There’s nothing blurry about the opinion of the city’s independent optometrists: if you buy cheap spectacles, you’ll get an inferior pair of glasses.
Many smaller, higher-priced optometrists say they are appalled by the quality of cut-price spectacles being sold by big-buying chain players, including Specsavers, Big W and Costco.
They say complex, finely tuned medical aids have been reduced to nothing more than retail items and consumers are potentially damaging their health by using them.
But are these comments short-sighted? After all, the outlets offering cheaper glasses mean consumers who might not otherwise be able to afford spectacles can buy them.
A pair of glasses from a small, independent optometrist could cost $500, including frames and lenses. By contrast, British chain Specsavers, which launched in Australia two years ago, promises complete glasses for $59 or two ”designer” pairs for $179 or $199.
Eager to cash in on the spectacles market – estimated by market-watch group IBIS World to be worth $860 million a year in Australia – discount chains such as Big W and Costco now offer in-store optometry assessments and cut-price glasses.
Shirley Loh, the professional services manager of the Optometrists Association of Australia, which represents independent optometrists as well as chains including Specsavers, said a 10 per cent surge in the number of people who had their eyes checked last year was partly due to awareness campaigns, an ageing population and greater consumer options.

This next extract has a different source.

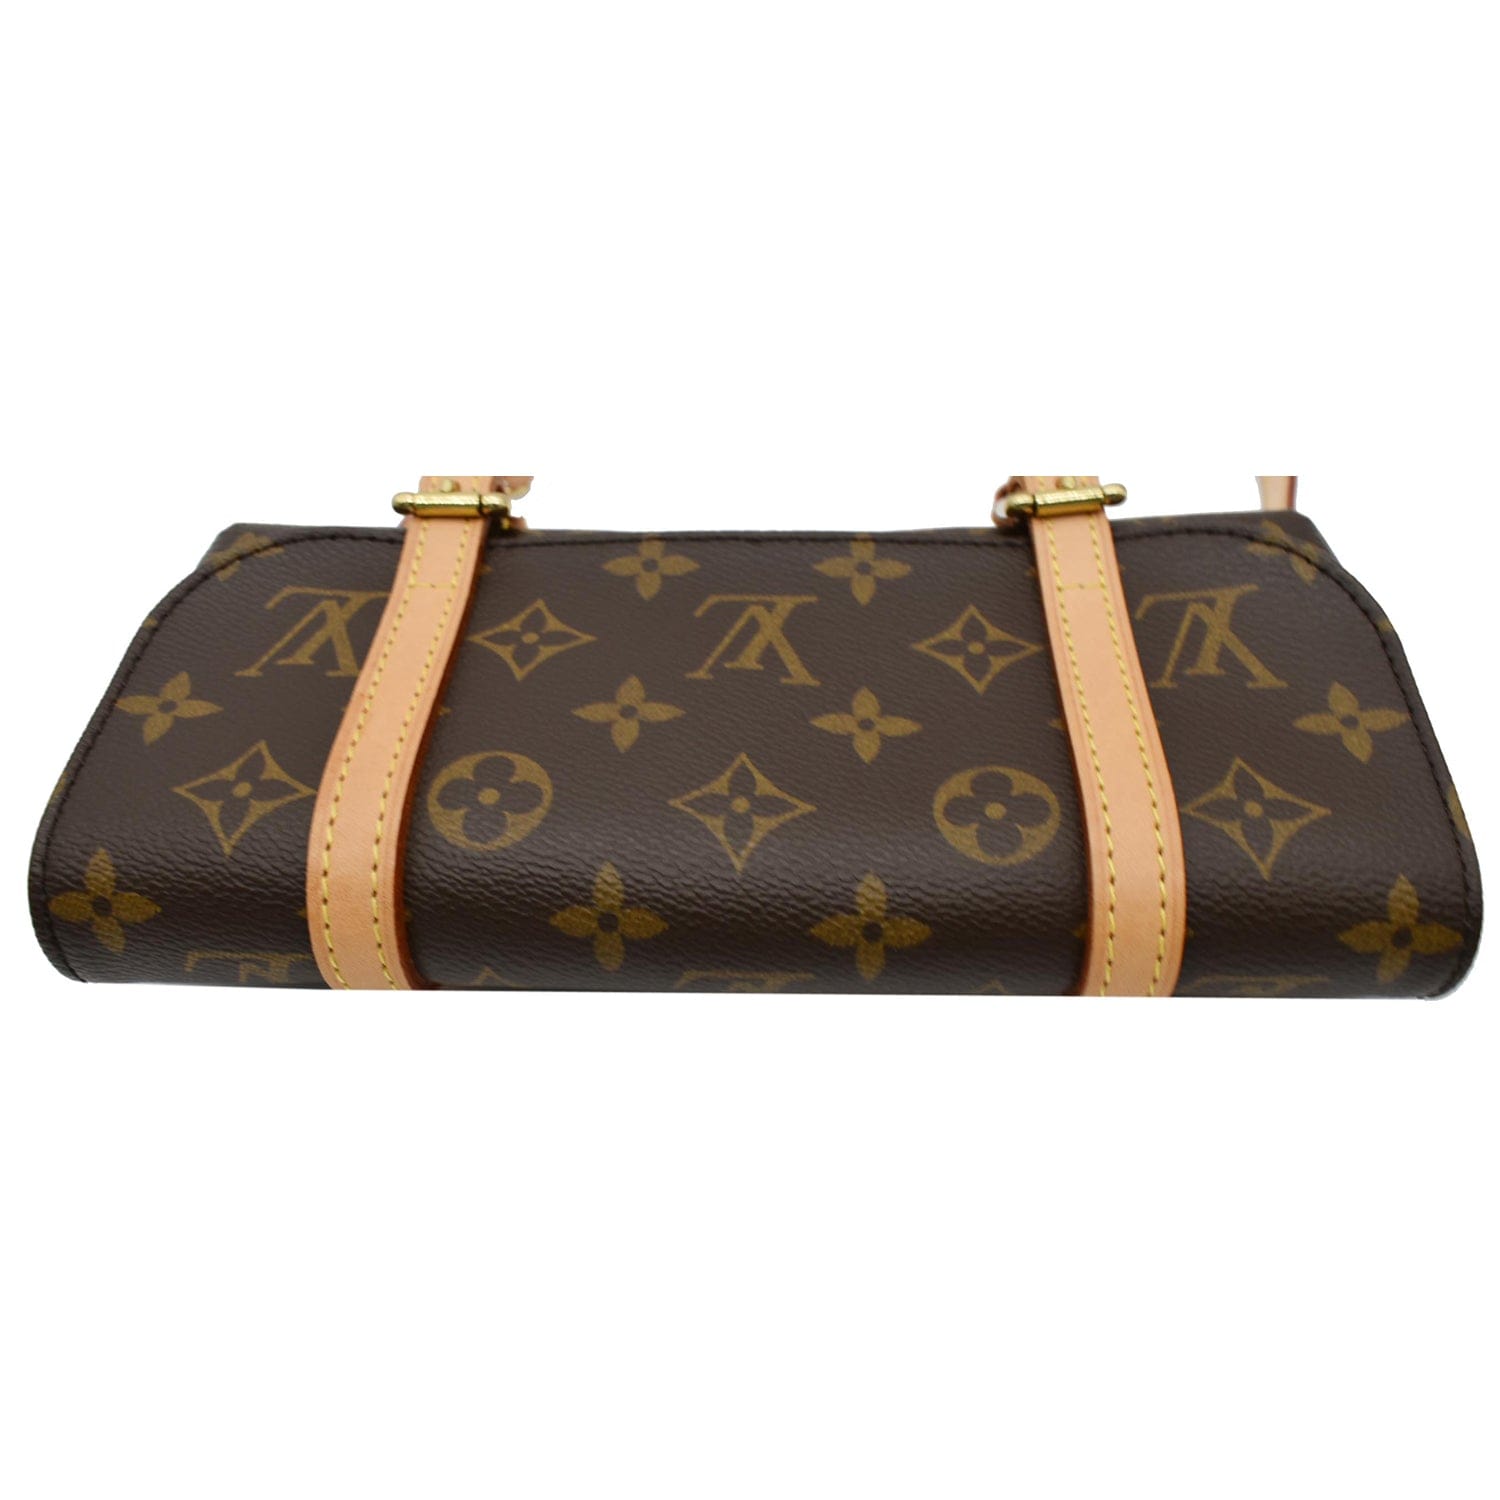 Louis Vuitton MARELLE NM What FITS First Impressions & COMPARISONS
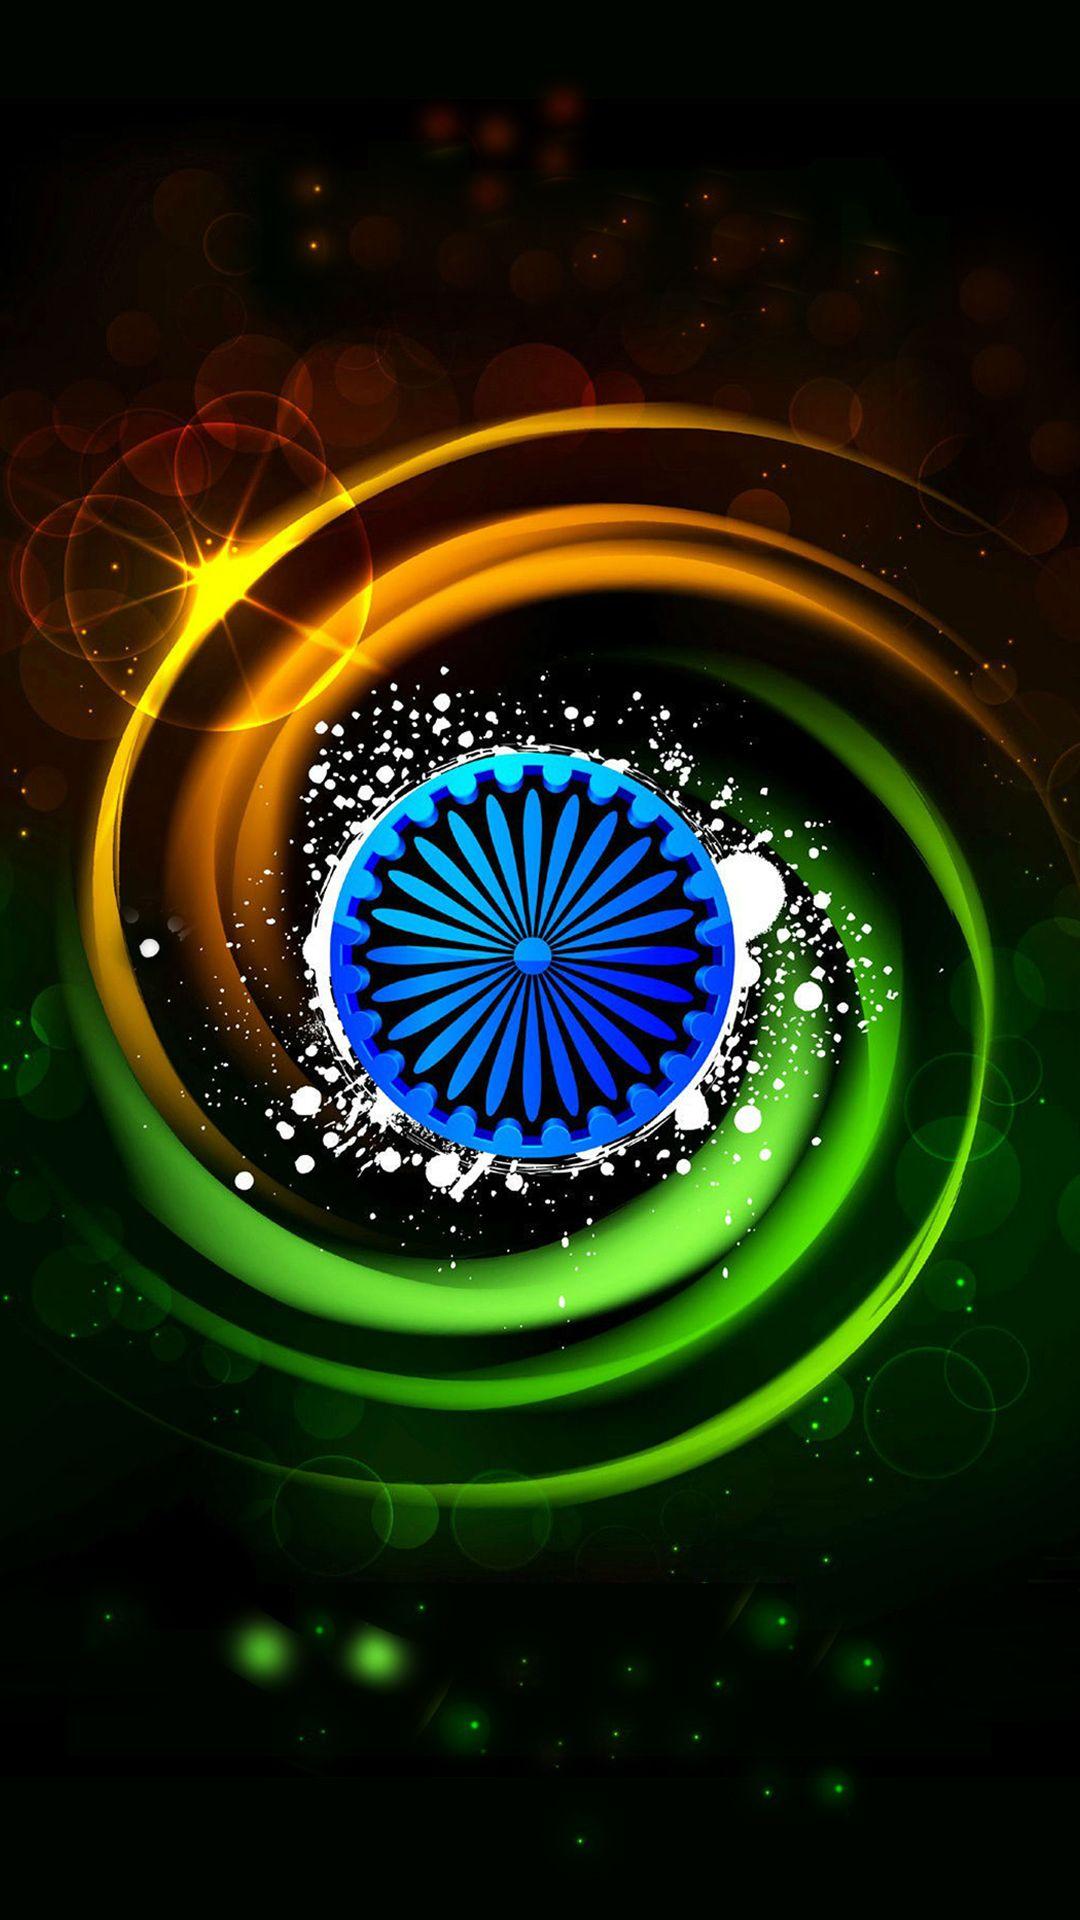 India Flag for Mobile Phone Wallpaper 08 of 17 in 3D Wallpaper. Wallpaper Download. High Resolution Wallpaper

In general, she said, wider consumer choice was good, but ”glasses are really quite complicated pieces of equipment and people forget about that. It is a really technical area, even though they might look the same on the surface.”
Consumers who bought cheap glasses might not be able to put their finger on what was wrong with them, but optometrists could see more distortions in poorer-quality lenses, she said.
However, Specsavers managing director, optometrist Peter Larsen, defended the company’s products, saying all Specsavers lenses met or exceeded Australian standards. A spokeswoman for Specsavers, Heather Potter, said the company put its lenses and frames ”through rigorous quality testing”.
”People in Australia have been paying far too much for glasses for far too long,” she said.
The independent optometrists felt threatened by Specsavers, she said, but all the Specsavers franchises were co-owned by optometrists and a lot of effort was put into customer service.
”Obviously our intention is to provide an excellent customer service that people are happy with so they keep coming back,” Ms Potter said.
She said the chain’s success, with about 61 stores in Victoria, spoke for itself.
But Matthew Smith, the manager of Eyes On Optometrists, a group of six independent optometrists, said the booming retail competition in optics had taken the emphasis away from eye care. He said the cheaper chain stores treated people as ”prescription fodder”, and treated eye tests as ”the means to the end – the end is getting them to buy the product”.
Consumer Affairs Victoria recorded fewer than 50 optometry-related complaints in the year to June.
But Mr Smith said many people came into his Collins Street shop asking for repairs on the cheaper glasses they had bought from chain retailers. ”We are having to spend a lot of time fixing their product. It is becoming a bit of a nightmare.”
One disgruntled customer, who asked not to be named, said she was a ”refugee from Specsavers” who bought three pairs of glasses there – multifocals, optical sunglasses and reading glasses. ”They offer all these cheap deals, but they’re not that cheap,” she said. Extra features cranked up her bill to nearly $1400, and it took six months to get the glasses, she said.
But the real problem, she said, was that she could not see properly while wearing them. ”It was just completely blurry.”
After taking the glasses back for several refittings, and having her prescription changed three times, she simply gave up.
”I just thought, ‘Right, I’ll cut my losses and go somewhere else.”’
Specsavers’ Ms Potter said she was unable to comment on a specific case, but confirmed it usually took no more than 10 days for glasses to arrive.
Ms Potter said additional features and more complicated prescriptions did cost extra, but it was up to the customer to decide how much they wanted to spend.
Kara Blair, 27, said Specsavers’ cheaper prices meant she had access to glasses she would otherwise be unable to afford.
Ms Blair was spotted picking up two pairs of glasses for $199 at the chain’s Little Collins Street outlet. Ms Blair said if inexpensive glasses were not available, she would not be buying any at all.
”They said my eyes would get worse over time. I would just wait till they got really bad and then I’d have to buy them,” she said.
Should we all give up and buy $20 glasses from the chemist?
Mr Smith said spectacles sold at pharmacies were ”just magnifying lenses” and could not cater for specific problems such as astigmatisms or different pupil distances.